Closed hmottestad closed 3 years ago
@jeenbroekstra what do you think?
Can you elaborate with a few examples on what such complex wildcards allow you to do that is beyond what the current standard langMatches offers?
If there's a good use case for it, I'm not against adding it. The logical place would be to add an extension to the ExtendedEvaluationStrategy
(which is where we also support other not-strictly-sparql-1.1 features).
"en-*" matches "en-GB" but not "en".
"de-*-DE" would match "de-latn-DE" but not "de-DE-1996" but would match "de-Latn-DE-1996". (by "extended filtering" it would actually match de-DE-1996 since it understand the groups of the language tags....I still can't quite get my head around it).
Neither of these are possible today.
Another option is a sail level config for enabling extended filtering. Essentially allows users to set one of these: https://docs.oracle.com/en/java/javase/11/docs/api/java.base/java/util/Locale.FilteringMode.html
Thanks for the examples and the link, I think it's a lot clearer now what we're after, and I can see the use of it.
As for where to put this, I think defining it as a separate sail config option may be problematic. If you do it that way, you almost automatically force custom handling of the option by every sail implementation (while if we build it into the evaluation strategy, you get it working for free on pretty much every sail). Note, by the way, that the evaluation strategy is itself a sail config option, currently.
I have been thinking though that I don't particularly like the current inheritance structure we use for evaluation strategies. I'd like it if we could make it a bit more modular so that individual extensions can be configured to be enabled or disabled, rather than the current "all extensions or nothing" approach.
@rdstn could you share some examples and expected behaviours with us?
Sure. The prime example I've been working with is related to SHACL.
We have a string, for example, a name, which must match at least one sign language and at least on language spoken in France. We also do not have processing for Cyrilic, so we have to not match any Cyrl tags.

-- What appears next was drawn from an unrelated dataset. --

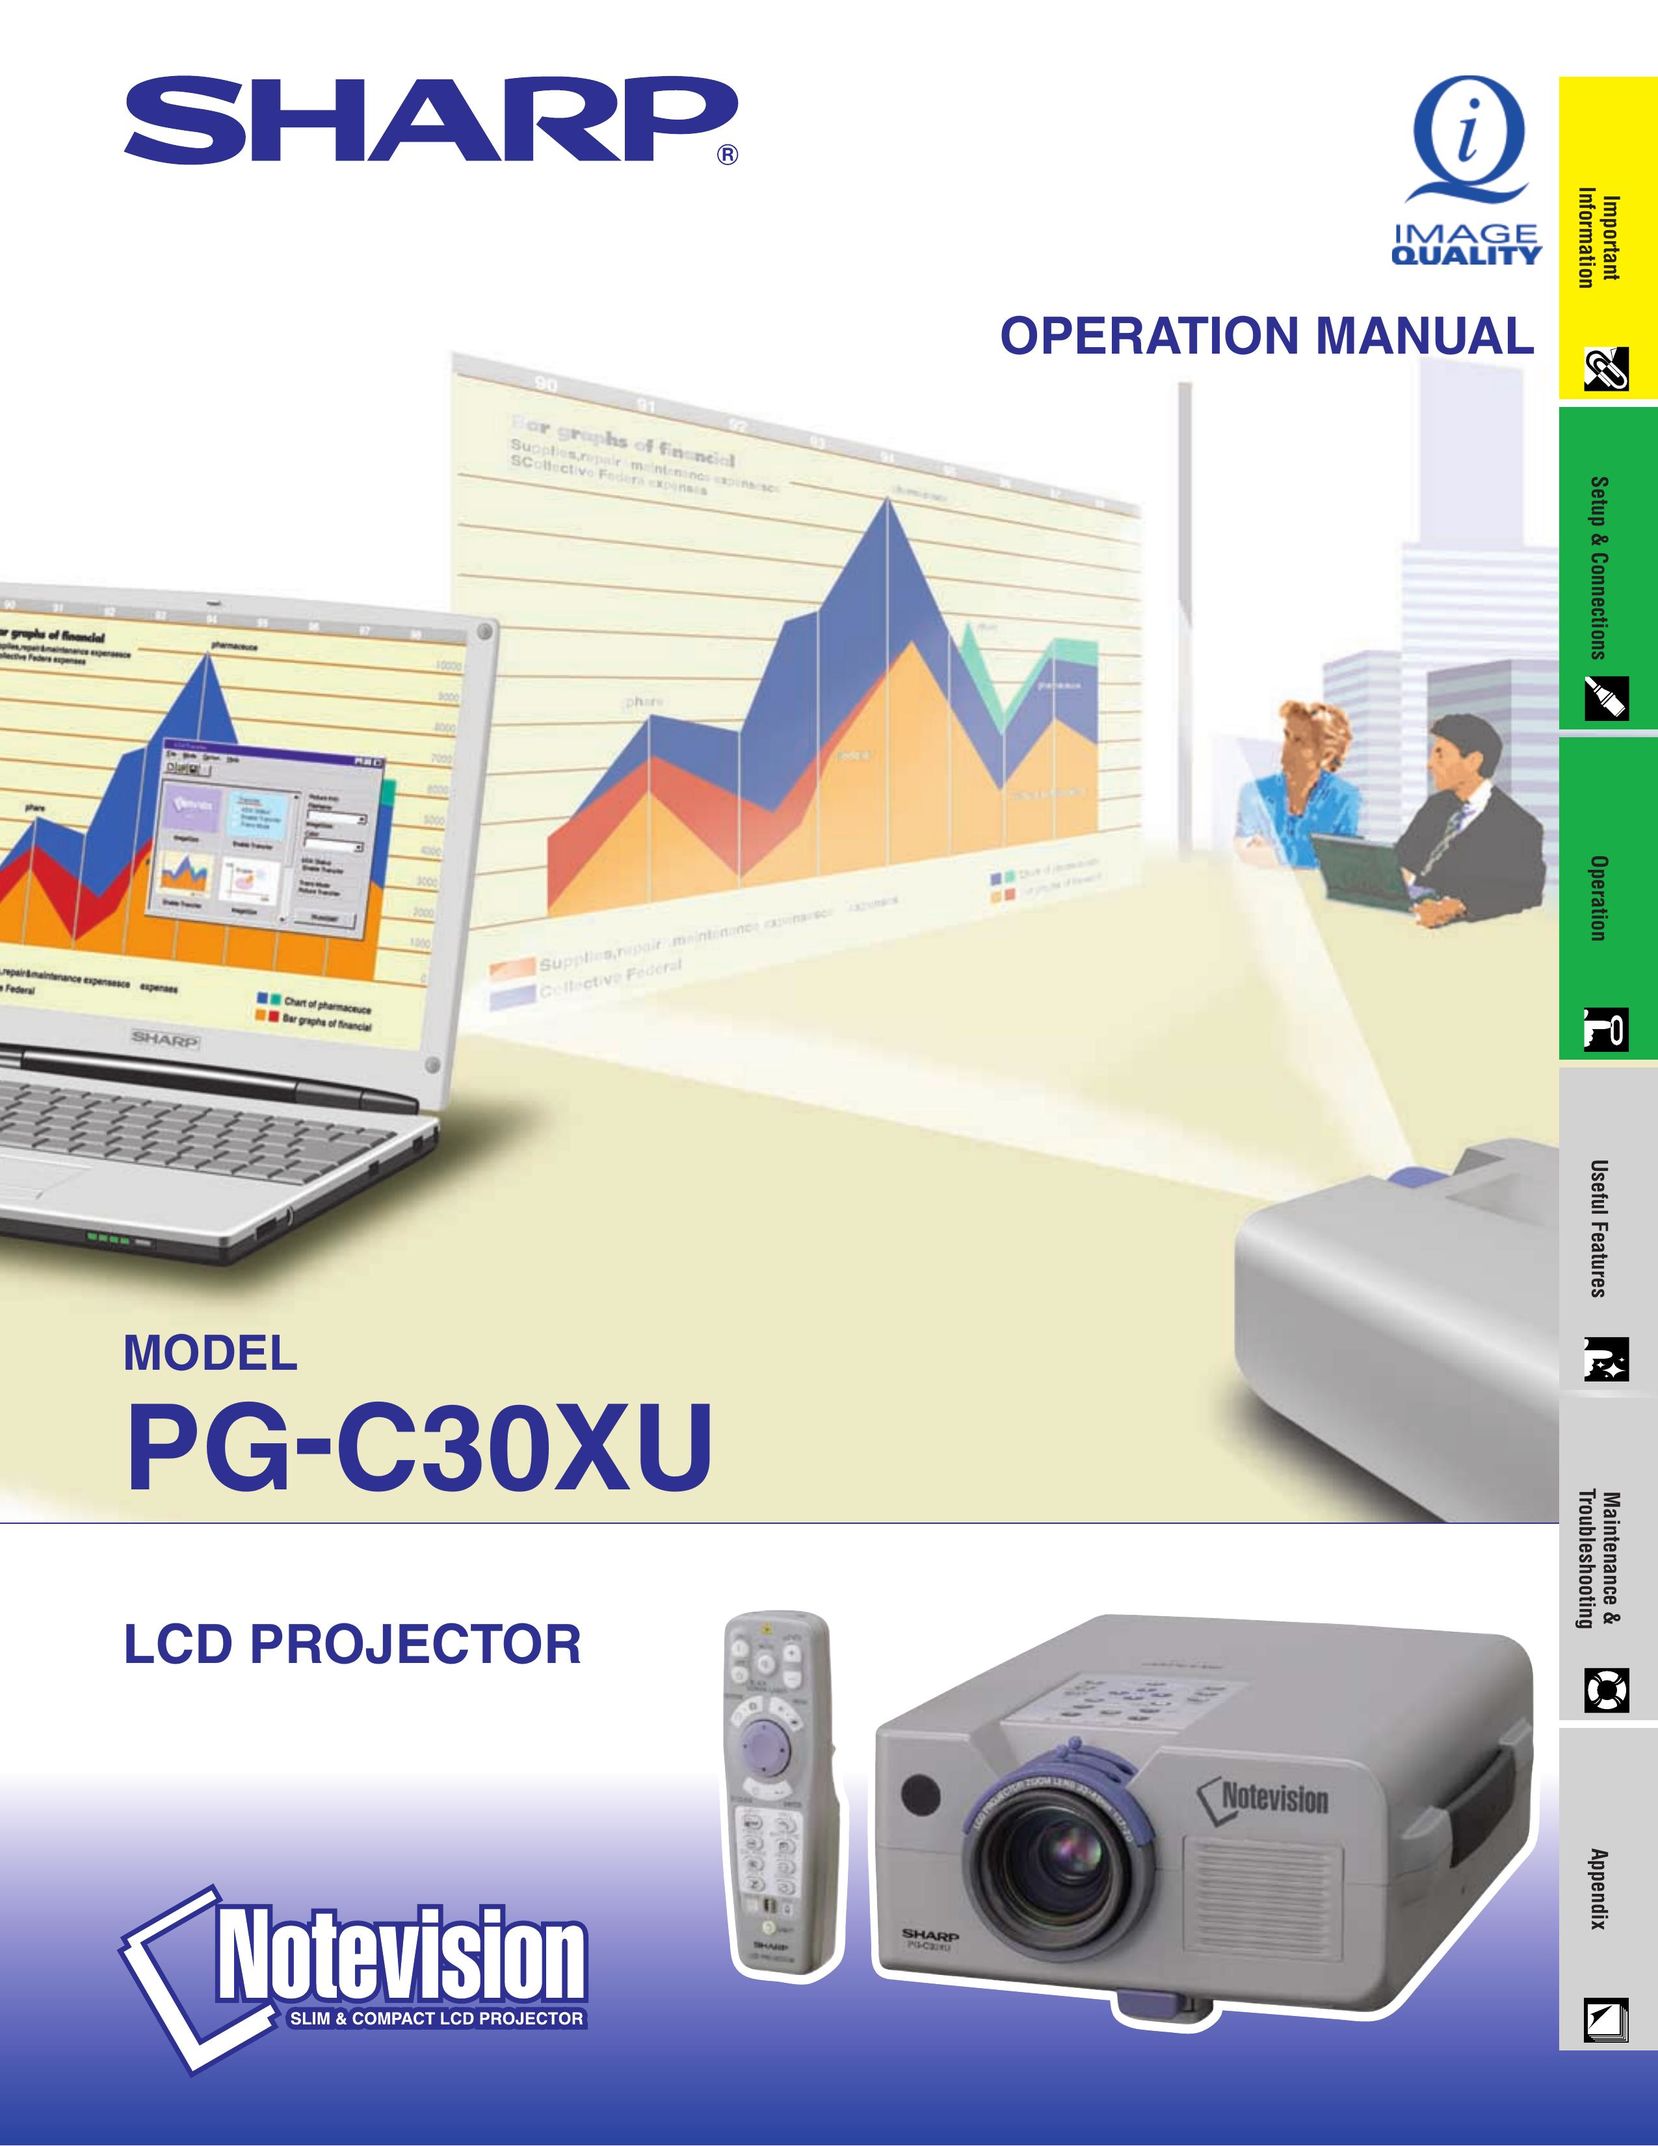 Sharp PG-C30XU Projector User Manual

And we dislike the GB variety of English, since American english is strongly encouraged in our enterprise.
This would have to be something like that:
sh:property [
sh:path voc:name ;
sh:qualifiedValueShape( [sh:languageIn ("sgn-*") ; ] ) ;
sh:qualifiedMinCount 1 ;
] ;
sh:property [
sh:path voc:name ;
sh:qualifiedValueShape( sh:or( [sh:languageIn ("fr-*") ; ][sh:languageIn ("*-FR-*"); ] ) ;) ;
sh:qualifiedMinCount 1 ;
] ;
sh:property [
sh:path voc:name ;
sh:qualifiedValueShape( [sh:languageIn (*"-Cyrl-*") ; ] ) ;
sh:qualifiedMaxCount 0 ;
] ;
sh:property [
sh:path voc:name ;
sh:qualifiedValueShape( [sh:languageIn (*"-GB-*") ; ] ) ;
sh:qualifiedMaxCount 0 ;
] ;
Those use qualified max count, which is not part of SHACL in RDF4J (yet), but I imagine that the corresponding SPARQL can be easily derived.

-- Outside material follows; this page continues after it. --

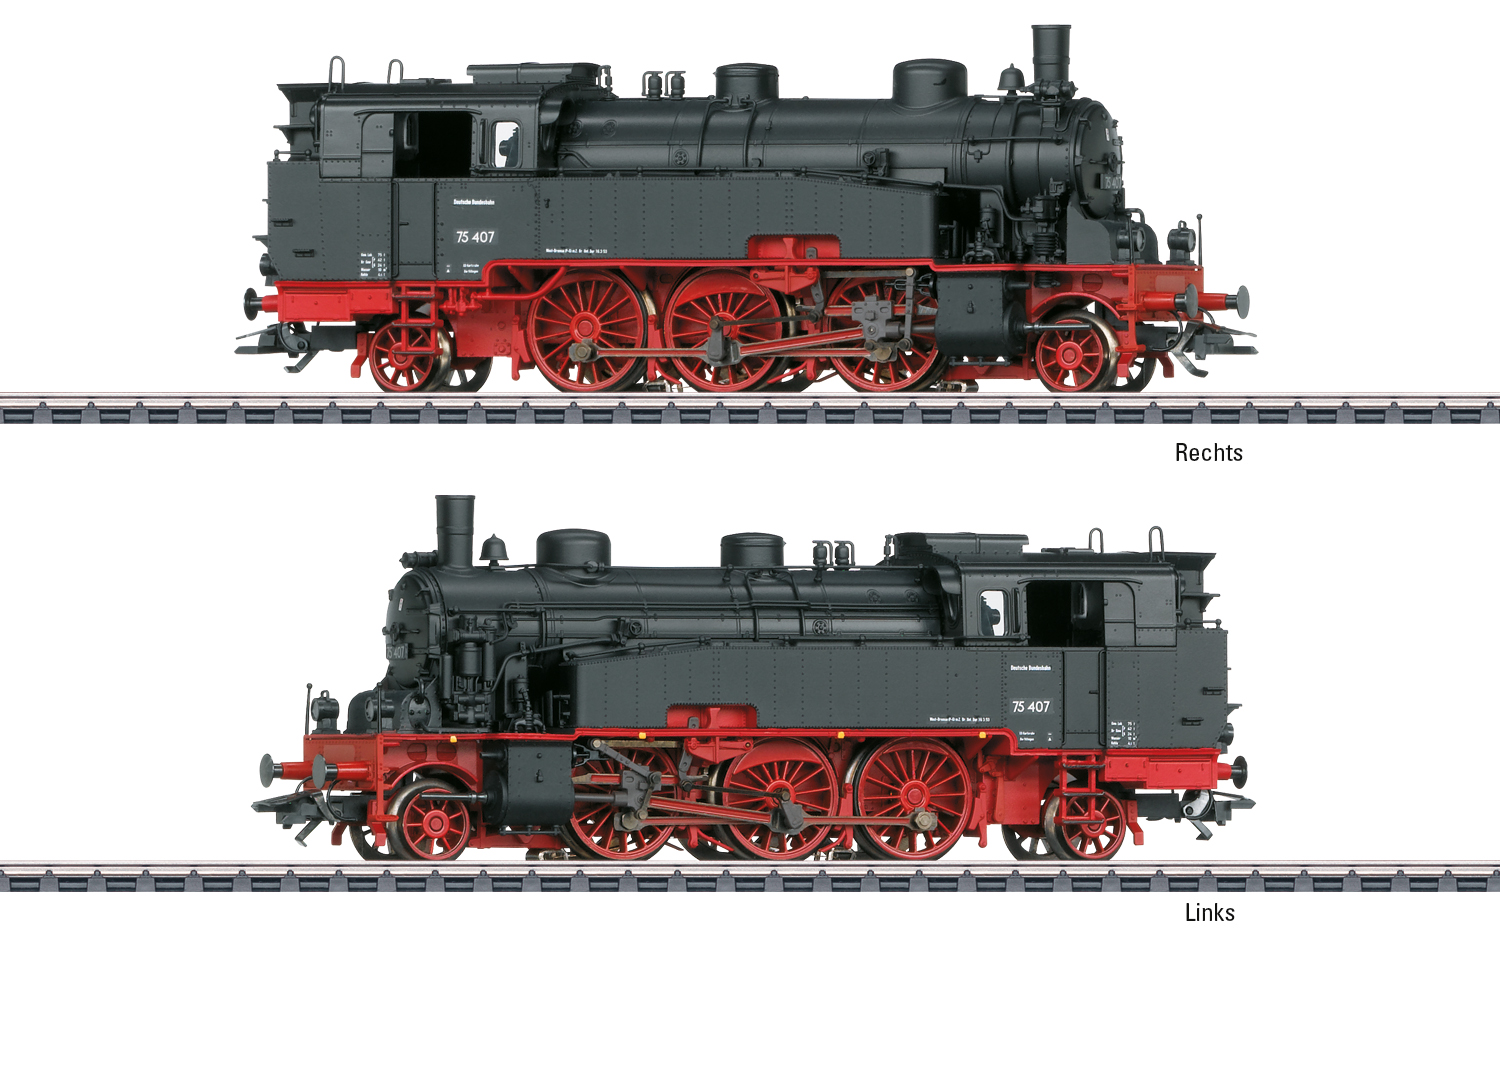 Märklin 39754 Dampflokomotive Baureihe 75.4 Dampflokomotive Baureihe 75.4

This would suggest that the following data is invalid (breaks all constraints):
rdf:exampleId voc:name "Name"@en-GB
rdf:exampleId voc:name "Нейм"@en-Cyrl
While the following data is valid:
rdf:exampleId voc:name "Nom"@fr
rdf:exampleId voc:name "I do not exactly know how to transcribe this"@sgn
The final shape example is highly contrived, but I can imagine instances where the first three shapes are of interest.
I would prefer "en-*" match "en-GB" but not "en". While "en" would match "en" and "en-GB".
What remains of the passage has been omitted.